US 11,727,416 B2
Methods and apparatus to estimate large scale audience deduplication
Michael R. Sheppard, Holland, MI (US); Damien Forthomme, Seattle, WA (US); and Molly Poppie, Arlington Heights, IL (US)
Assigned to THE NIELSEN COMPANY (US), LLC, New York, NY (US)
Filed by The Nielsen Company (US), LLC, New York, NY (US)
Filed on Nov. 27, 2019, as Appl. No. 16/698,898.
Prior Publication US 2021/0158377 A1, May 27, 2021
Int. Cl. G06Q 10/06 (2023.01); G06Q 10/10 (2023.01); G06Q 30/02 (2023.01); G06Q 30/0201 (2023.01); G06F 16/22 (2019.01); G06F 16/2455 (2019.01); G06F 16/215 (2019.01); H04N 21/81 (2011.01); H04N 21/442 (2011.01)

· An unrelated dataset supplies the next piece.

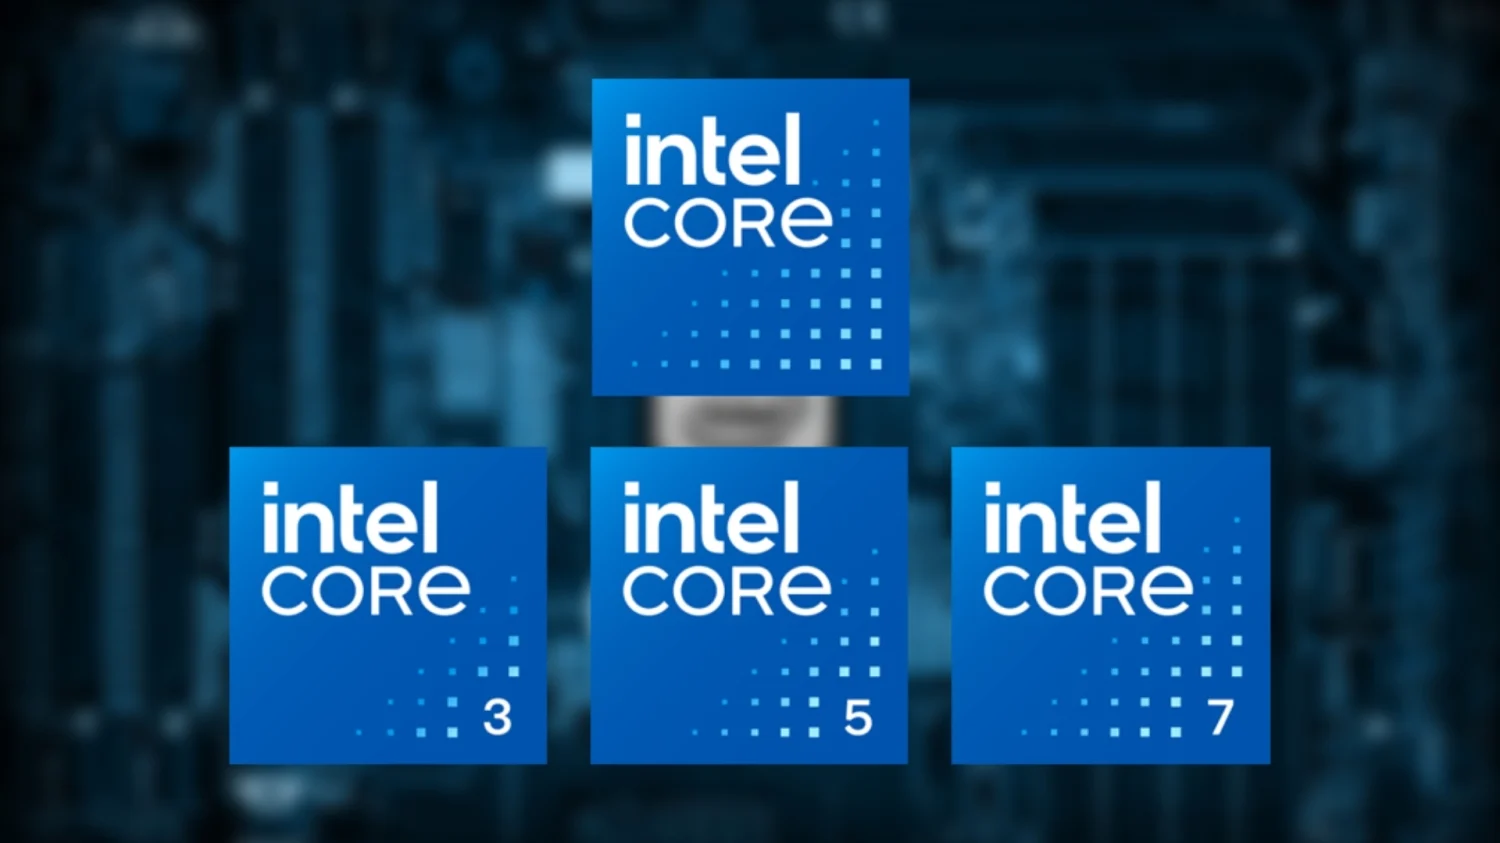 Intel's CPU Branding Gets a Major Overhaul

CPC G06Q 30/0201 (2013.01) [G06F 16/215 (2019.01); G06F 16/2246 (2019.01); G06F 16/24558 (2019.01); H04N 21/44213 (2013.01); H04N 21/812 (2013.01)] 28 Claims
OG exemplary drawing
 
1. An apparatus comprising:
interface circuitry to collect, via a network, impression data indicative of accesses to a plurality of media items for a total audience size, the impression data including audience sizes for the plurality of media items, the total audience size including a computer-generated inaccuracy causing a misrepresentation of a deduplicated audience size of the plurality of media items;
association controller circuitry to generate a tree structure association for the total audience size that accessed the plurality of media items, the tree structure association including a first node representative of a first media item accessed by first audience members of the total audience size and a second node representative of a second media item accessed by second audience members of the total audience size;
matrix generator circuitry to improve functionality of a computer by generating a matrix without using processing power to solve a partial derivative equation for the first node or the second node, the matrix generator circuitry to generate the matrix by:
selecting a sum of probabilities value corresponding to the tree structure association, the sum of probabilities value representative of a probability of the first audience members accessing the first media item; and
storing the sum of probabilities value in an element of the matrix; and
commercial solver circuitry to increase an accuracy of the computer to reduce the computer-generated inaccuracy of the total audience size by estimating the deduplicated audience size of the total audience size using the matrix.